No fim, participava de tudo. Como a gangue sempre fracassava, Confuso dizia quando tudo dava errado: “Mas eu te disse! Eu te disse! Eu não te disse?”. Era assim:
Na vida real, há pessoas como Confuso que vivem lembrando aos outros quando tudo dá errado: “Mas eu te disse!”. Pessoas assim podem até ser vistas como mais conscientes e responsáveis. E provavelmente elas até querem que as coisas caminhem bem. E isso não vale só para atitudes maldosas…. também se aplica àquelas situações nas quais alguém tem uma ideia para resolver um problema ou começar um projeto ousado.
Mas será que o “eu te disse!” ajuda? A que serve esse lembrete? A primeira função que ele tem para a pessoa que fala é a de simplesmente deixar claro para os demais que ela já sabia das consequências observadas. É um jeito de se diferenciar, garantir um lugar ao sol e se mostrar como alguém que sabe mais que os outros sobre a realidade.
Agora… isso muda os resultados ocorridos? Não! Isso evita que aquela situação aconteça novamente? Tampouco. Porque o próprio resultado ruim é suficiente para deixar claro que aquilo não funcionou. “Eu te disse!” não passa, portanto, de uma exibição egocêntrica que em nada contribui para resolver uma situação e ainda atrapalha na formação de vínculos de confiança.
Mas há ainda um aspecto interessante mostrado no desenho animado. Não é curioso que Confuso, apesar de sempre alertar o grupo sobre os riscos de cada plano, participa de absolutamente todas as traquinagens de seus amigos? Esse é o pior tipo de comportamento eu-te-disse. A pessoa participa da ação e depois tenta se isentar de responsabilidade simplesmente porque tinha advertido os demais sobre os riscos.
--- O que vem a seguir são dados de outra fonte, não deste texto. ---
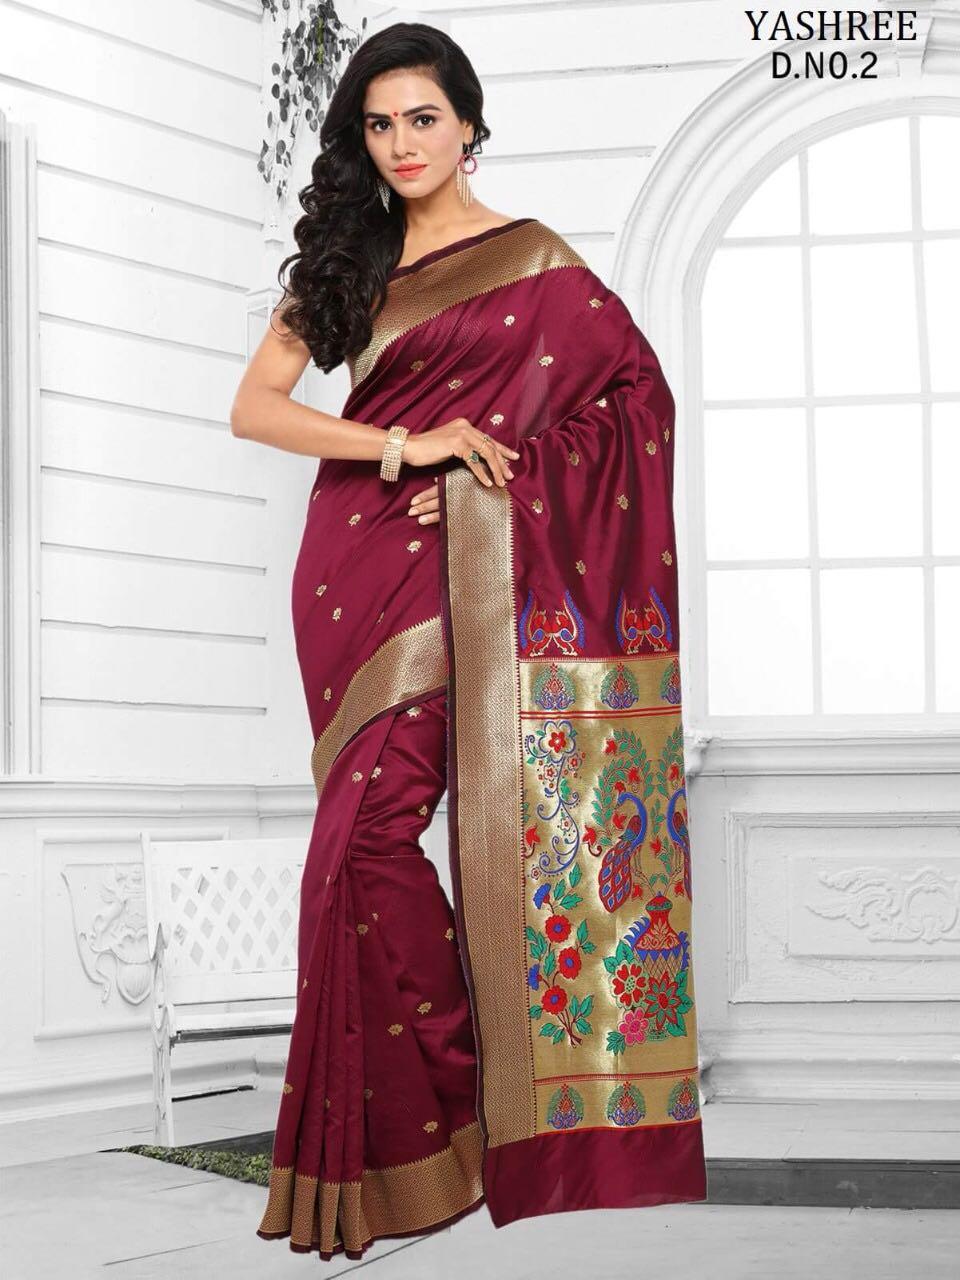 Yadunandan Fashion Yashree 2

Poucas atitudes são mais mesquinhas do que essa. Então, não seja a pessoa eu-te-disse do seu grupo. Se você advertiu previamente e não participou da ação que deu errado, não lembre ninguém daquilo que está óbvio pelos resultados ruins. Por outro lado, se você participou da ação, aí é que você não deve mesmo falar nada porque a coisa mais feia e desleal que você pode fazer é tentar se esconder atrás de uma dignidade de consciência dúbia e superficial como esta.
Responsabilidade pelos próprios atos e respeito aos seus limites em relação às escolhas dos outros, dois princípios que favorecem sentir paz e equilíbrio.